Shadix L C, Dunnigan M E, Rice E W
Technical Support Division, United States Environmental Protection Agency, Cincinnati, Ohio 45268.
Can J Microbiol. 1993 Nov;39(11):1066-70. doi: 10.1139/m93-161.
A two-step membrane filter procedure was evaluated to determine the ability to differentiate Escherichia coli from other coliform bacteria recovered from water. M-Endo LES agar incubated at 35 degrees C for 24 +/- 2 h was used as the initial isolation medium. Membranes containing coliform colonies were transferred to nutrient agar plus 4-methylumbelliferyl beta-D-glucuronide (MUG) and incubated for an additional 4 h at 35 degrees C. Escherichia coli colonies were distinguished by fluorescence when viewed under a long-wavelength ultraviolet light. A total of 119 MUG-positive colonies were isolated from 15 water sources, of which 115 (96.6%) were identified as E. coli. An examination of 182 pure culture environmental E. coli isolates revealed that 167 isolates (91.8%) exhibited fluorescence on the nutrient agar plus MUG medium. Survivors of E. coli cultures exposed to chlorination were also capable of producing a positive MUG reaction.

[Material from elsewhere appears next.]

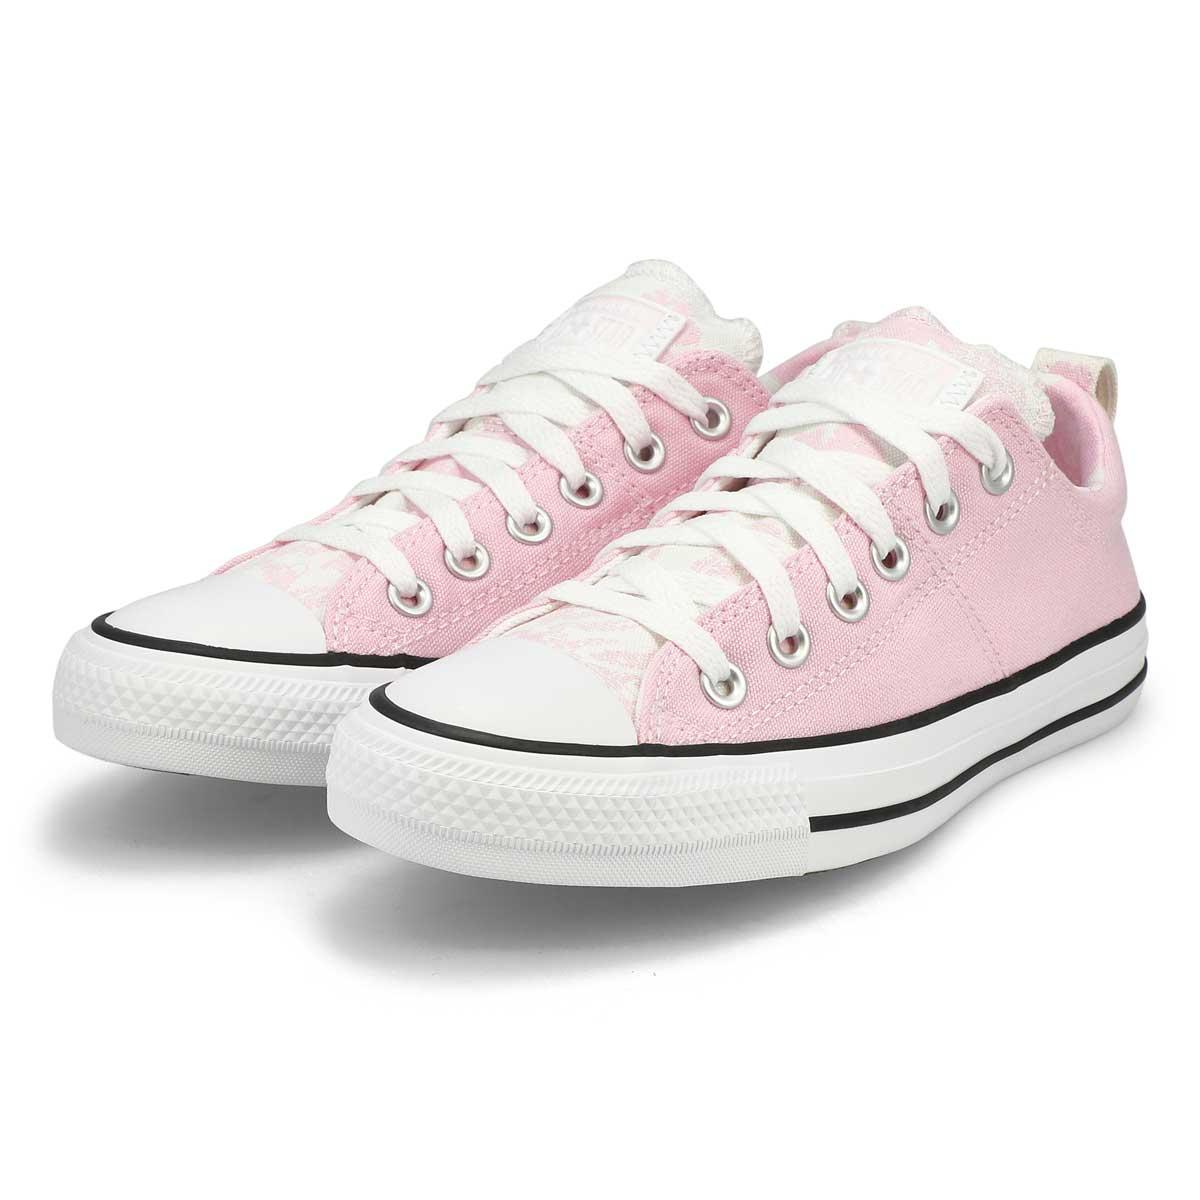 Women's All Star Madison Sneaker - Pink
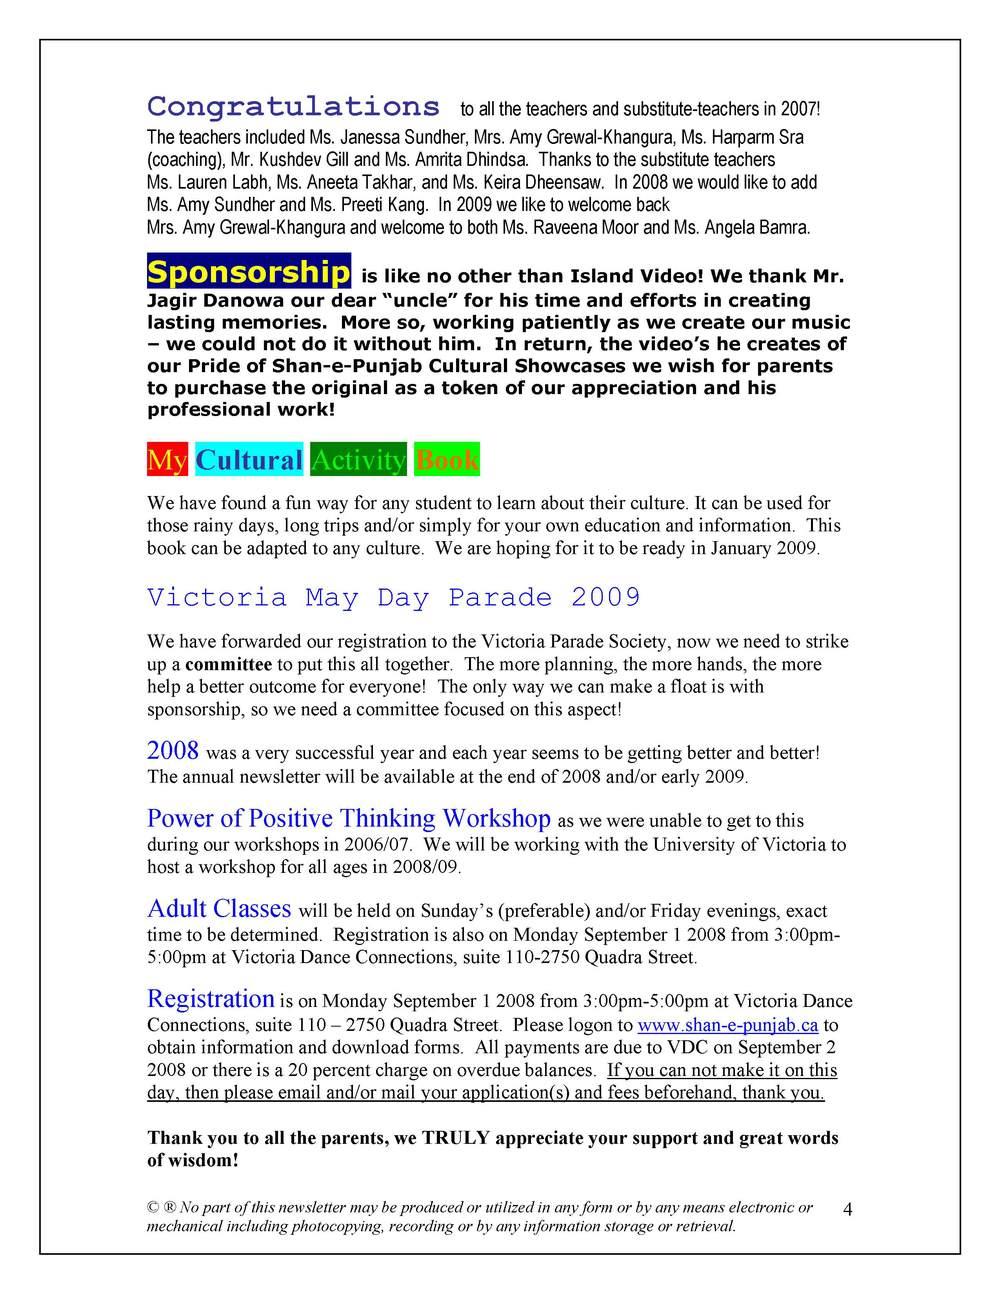 Newsletter 2007_Page_4.jpg

对一种两步膜过滤程序进行了评估,以确定其区分从水中回收的大肠杆菌与其他大肠菌群细菌的能力。将在35℃下培养24±2小时的M-远藤LES琼脂用作初始分离培养基。含有大肠菌群菌落的膜转移至营养琼脂加4-甲基伞形酮基β-D-葡萄糖醛酸苷(MUG)中,并在35℃下再培养4小时。在长波紫外线下观察时,大肠杆菌菌落可通过荧光进行区分。从15个水源中共分离出119个MUG阳性菌落,其中115个(96.6%)被鉴定为大肠杆菌。对182株环境大肠杆菌纯培养物的检查显示,167株(91.8%)在营养琼脂加MUG培养基上呈现荧光。暴露于氯化作用的大肠杆菌培养物的存活菌也能够产生阳性MUG反应。